Halfway between Nairobi and Dundori by Muthoni Garland is a Kenyan short story, published by Story Moja Publications. It provides a small peak into the life of Wanjeri who lives in Naivasha with her husband Murage. She has a sister – Gladys, who has been keeping the couple afloat from money she acquires from her Anglo-American lover. It is a heaping mess of a life which Wanjeri must live. The lack of rent money, jobs and a husband who has essentially dug a grave for the couple creates a tangible and reeking reality.

There are no sugar-coated gardens or lush rose plantations described. No mention of the beauty of the landscape or the weather. Tourist things.

The biting itch of working on the plantation, plucking buds without protective gloves and abysmal working conditions are nonchalantly thrown in. This serves to portray how accustomed the workers are to such conditions that they are no longer outraged.
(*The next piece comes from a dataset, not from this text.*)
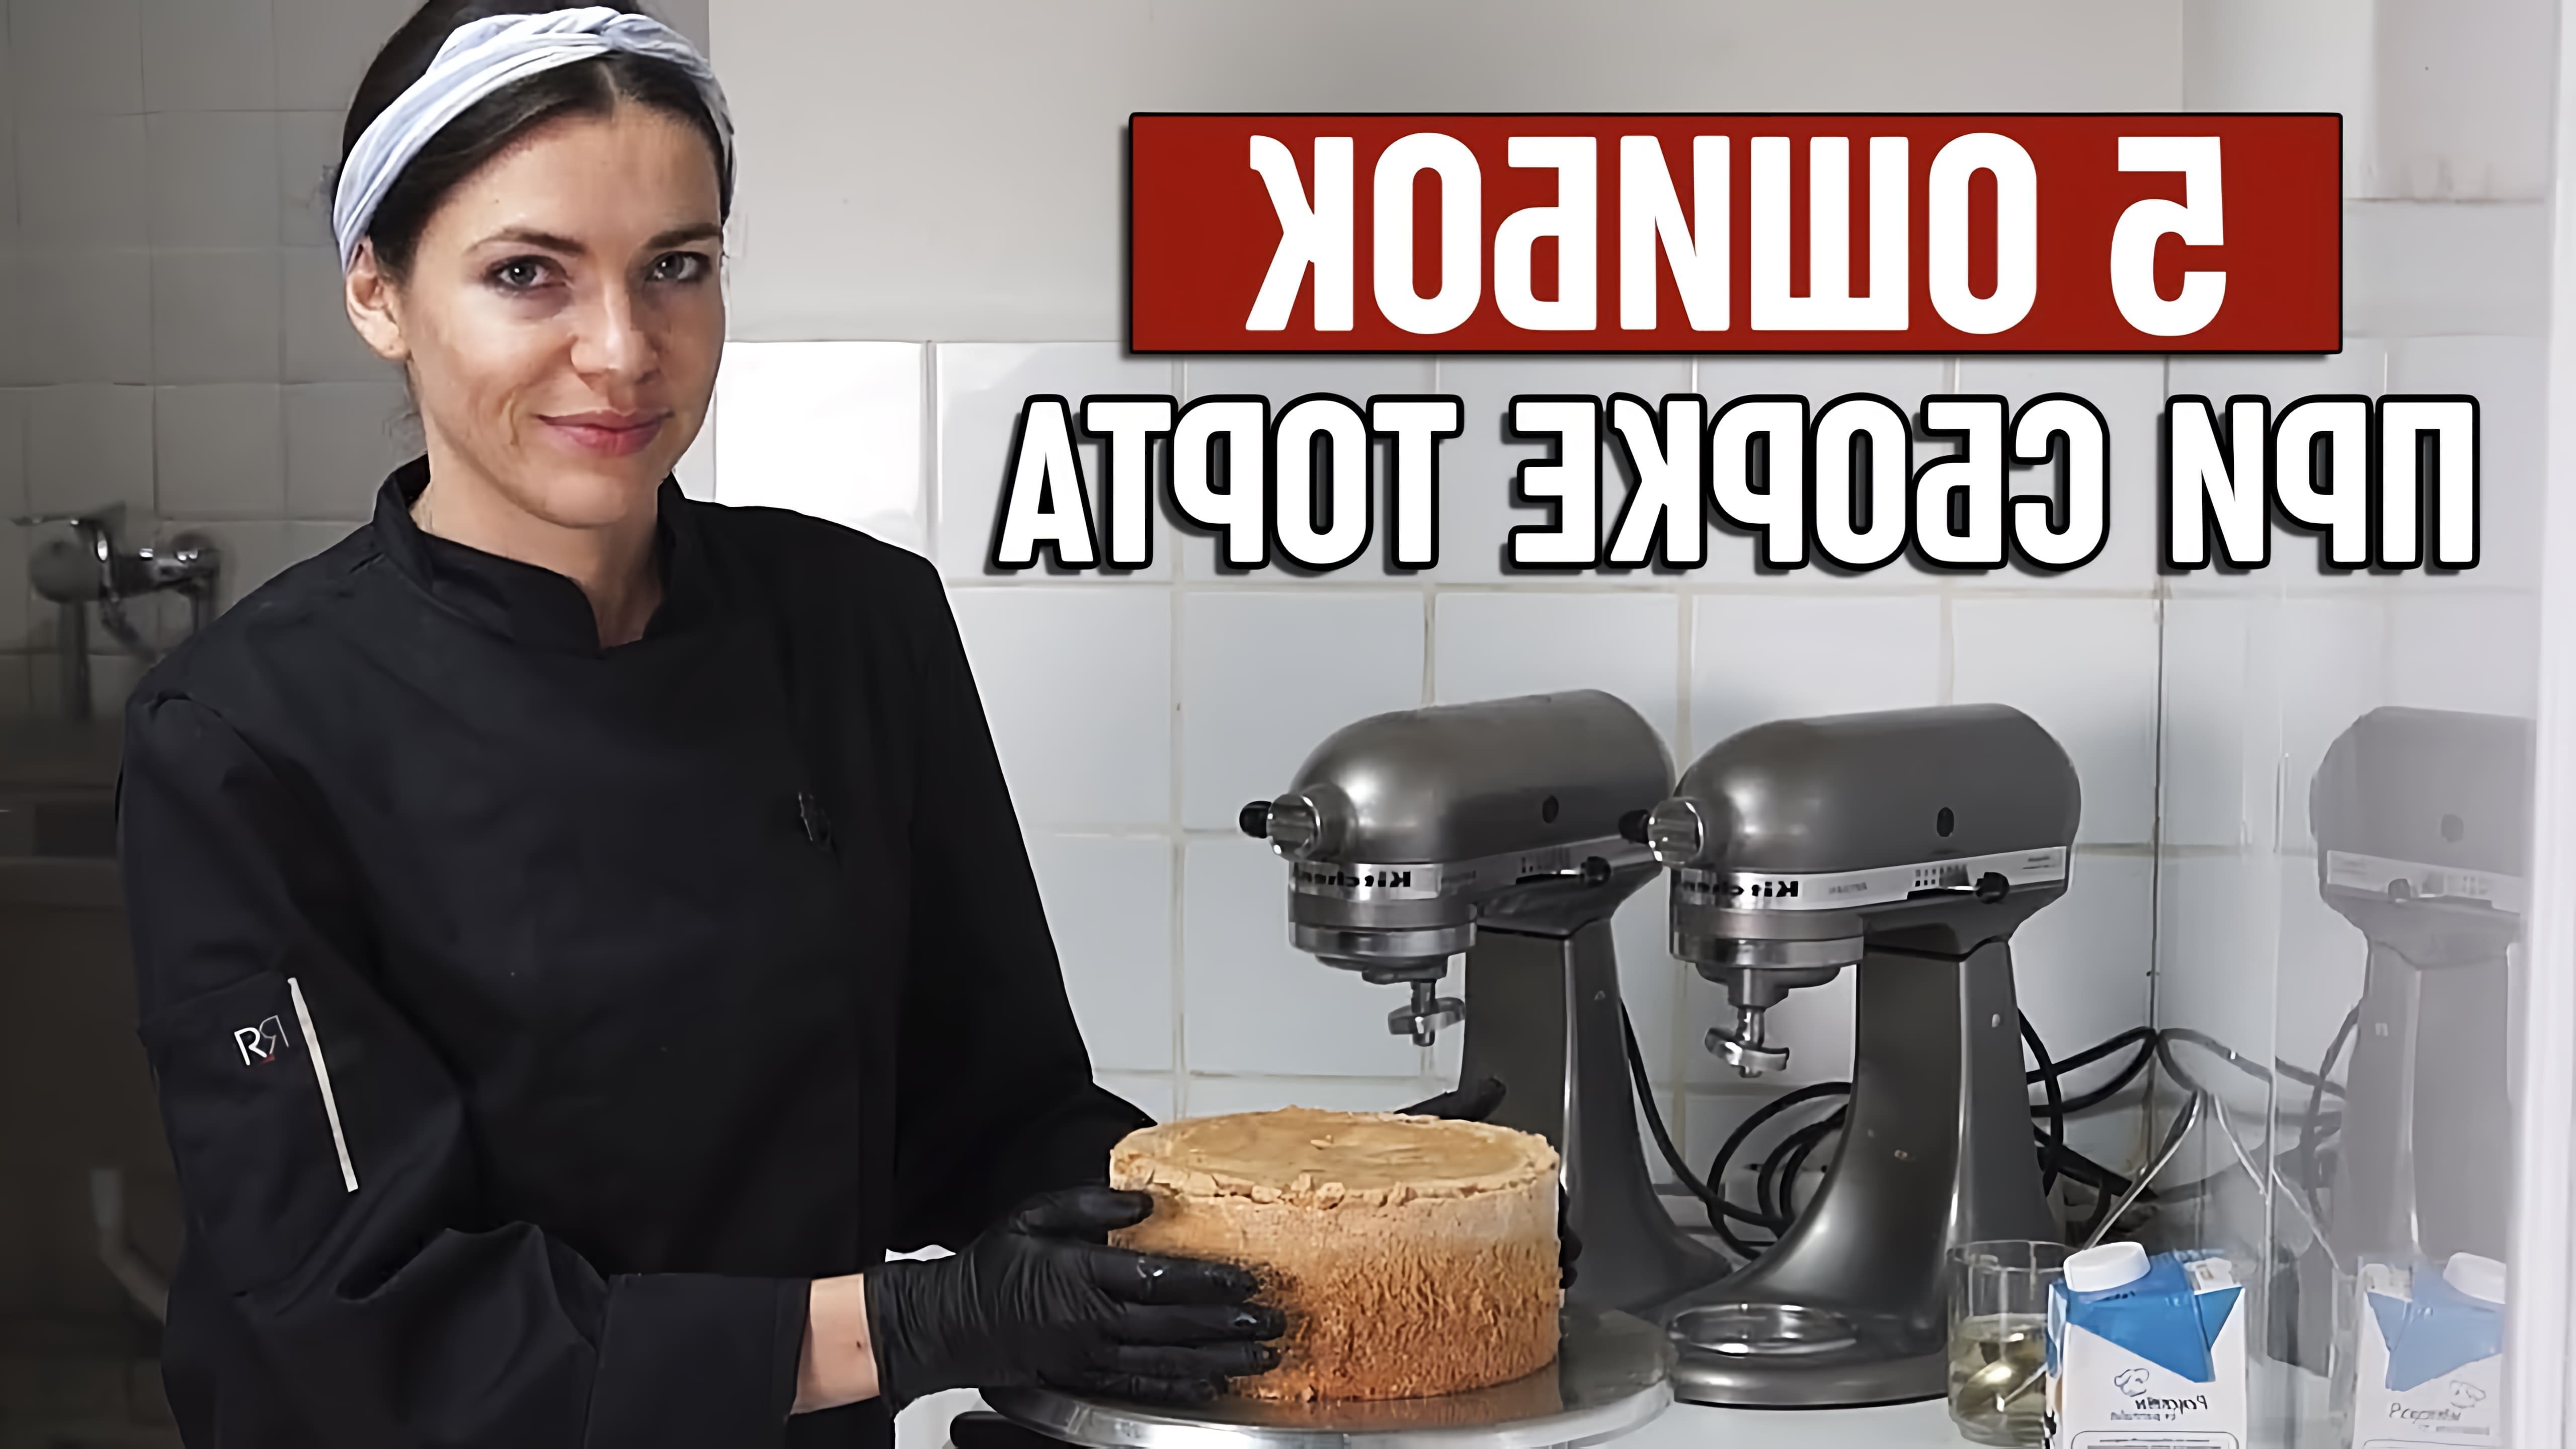 В этом видео кондитер Юлия Николенька рассказывает о пяти ошибках, которые могут возникнуть при сборке торта

This story is raw and real. It is a story which explores the suffering that a University graduate from the rural area can face in todays Kenya. Highlighting the drowning effect which lack of a job, squandering resources and under-the-table deals can have on the lives of local people.
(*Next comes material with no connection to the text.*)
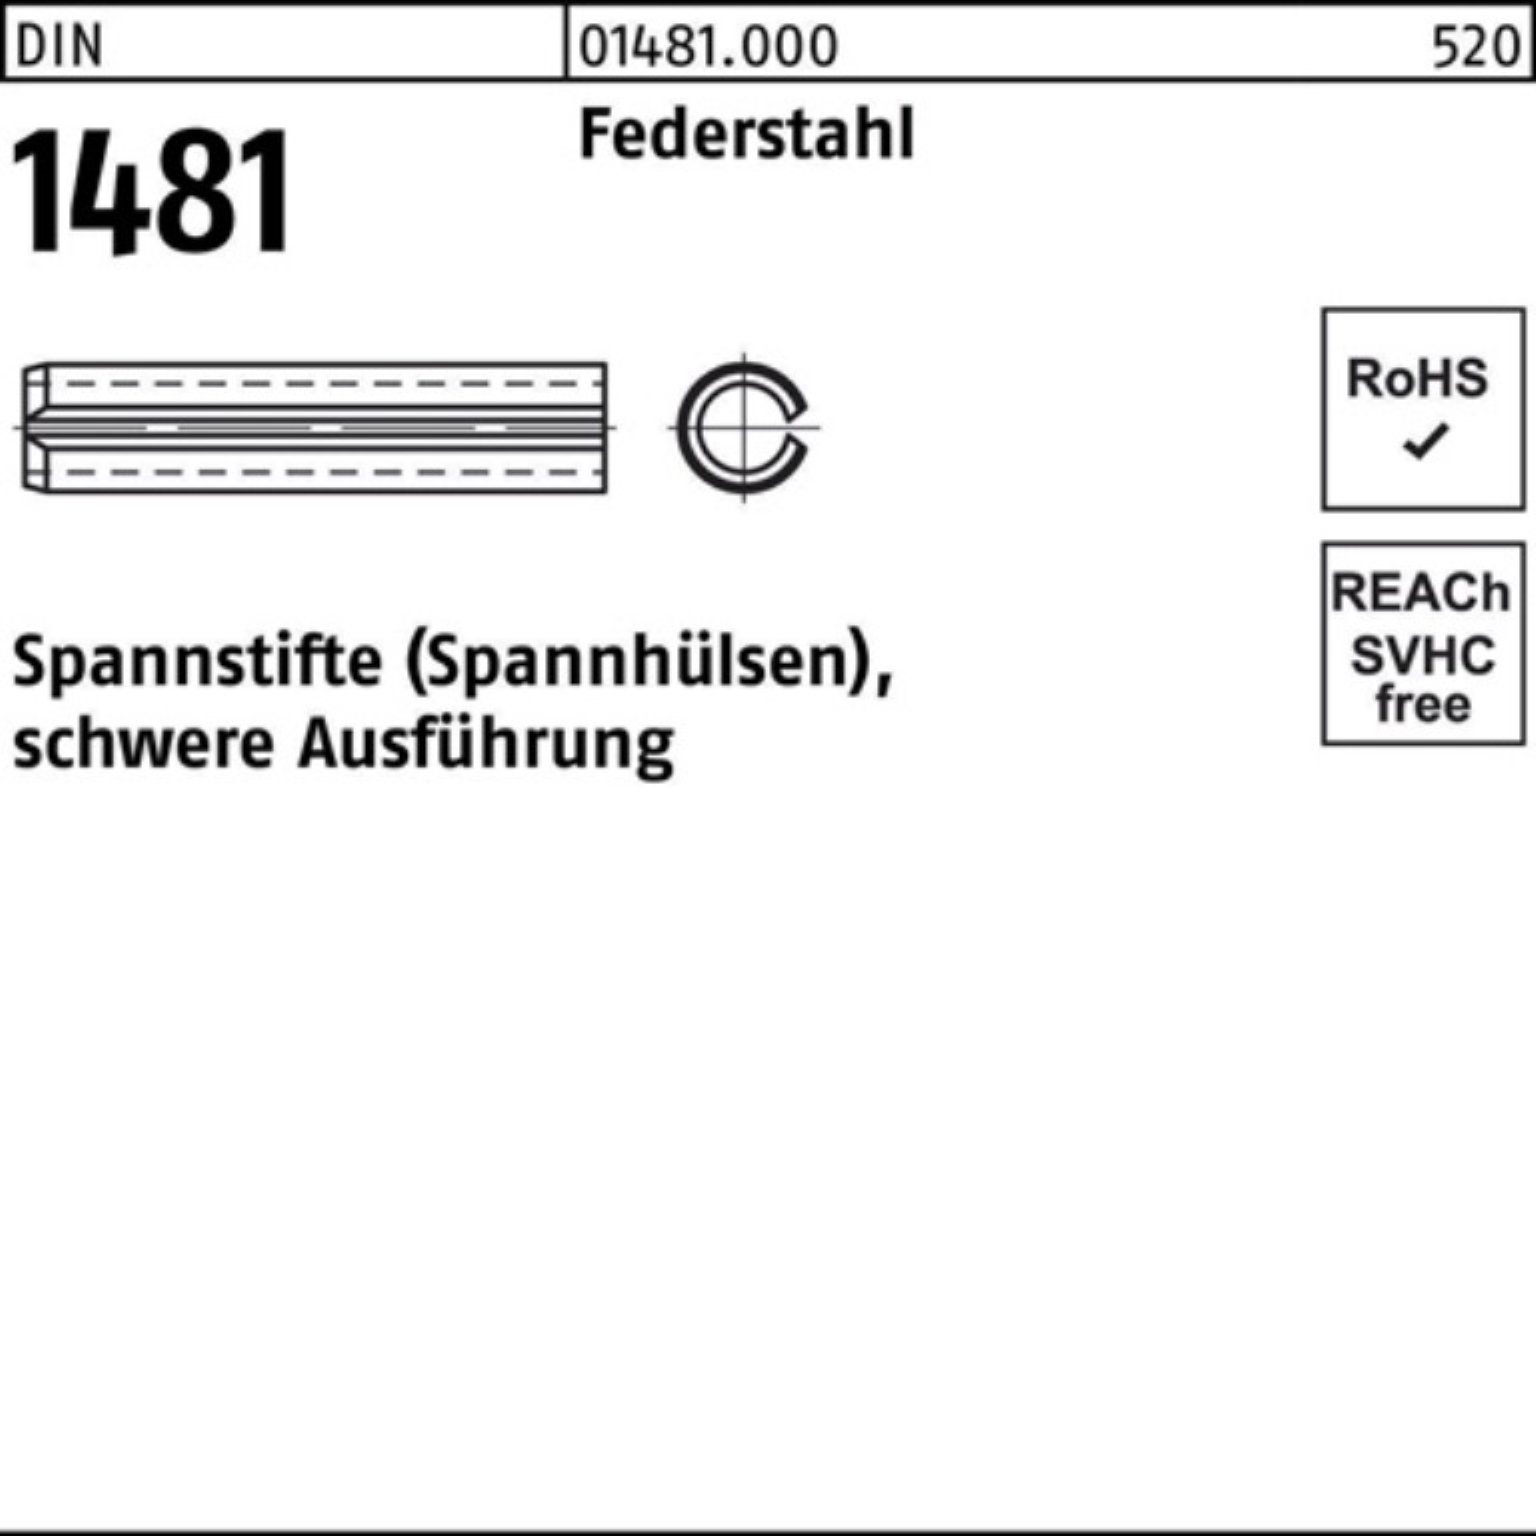 Reyher Spannstift 100er Pack Spannstift DIN 1481 10x 120 Federstahl schwere Ausführung

There are many theme’s, unique to Kenya which have been masterfully weaved into the story which makes for an intricate cacophony of glaring truths. The themes of poverty, family, betrayal and hardship are clearly brought forth.
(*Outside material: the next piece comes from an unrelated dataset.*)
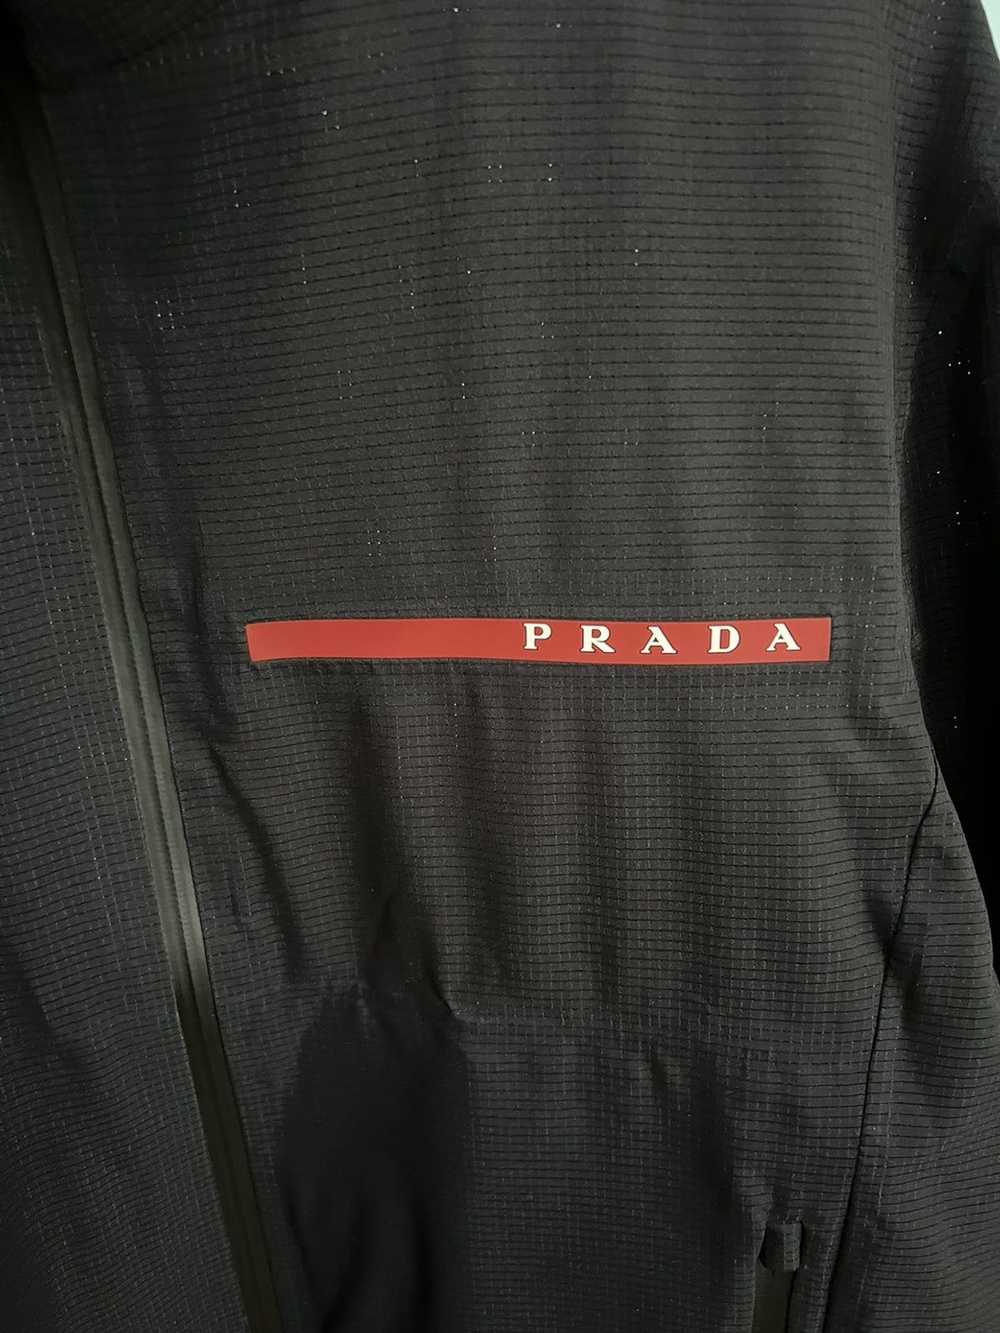 Prada Prada Linea Rossa Light Bi-Stretch Jacket - image 4

Wanjeri has suffered constant betrayal in her life, be it from her family or her husband. She eventually stops betraying herself and stands up to face her demons full in the face at a party in front of Anglo-American tourists and local women who accompany them.

A small gathering of people who have no way of understanding her pain. But, the local girls who have sacrificed their dignity to be in a different version of her hell are sympathetic. Somehow there is a twisted sense of unity in their shared ill fate.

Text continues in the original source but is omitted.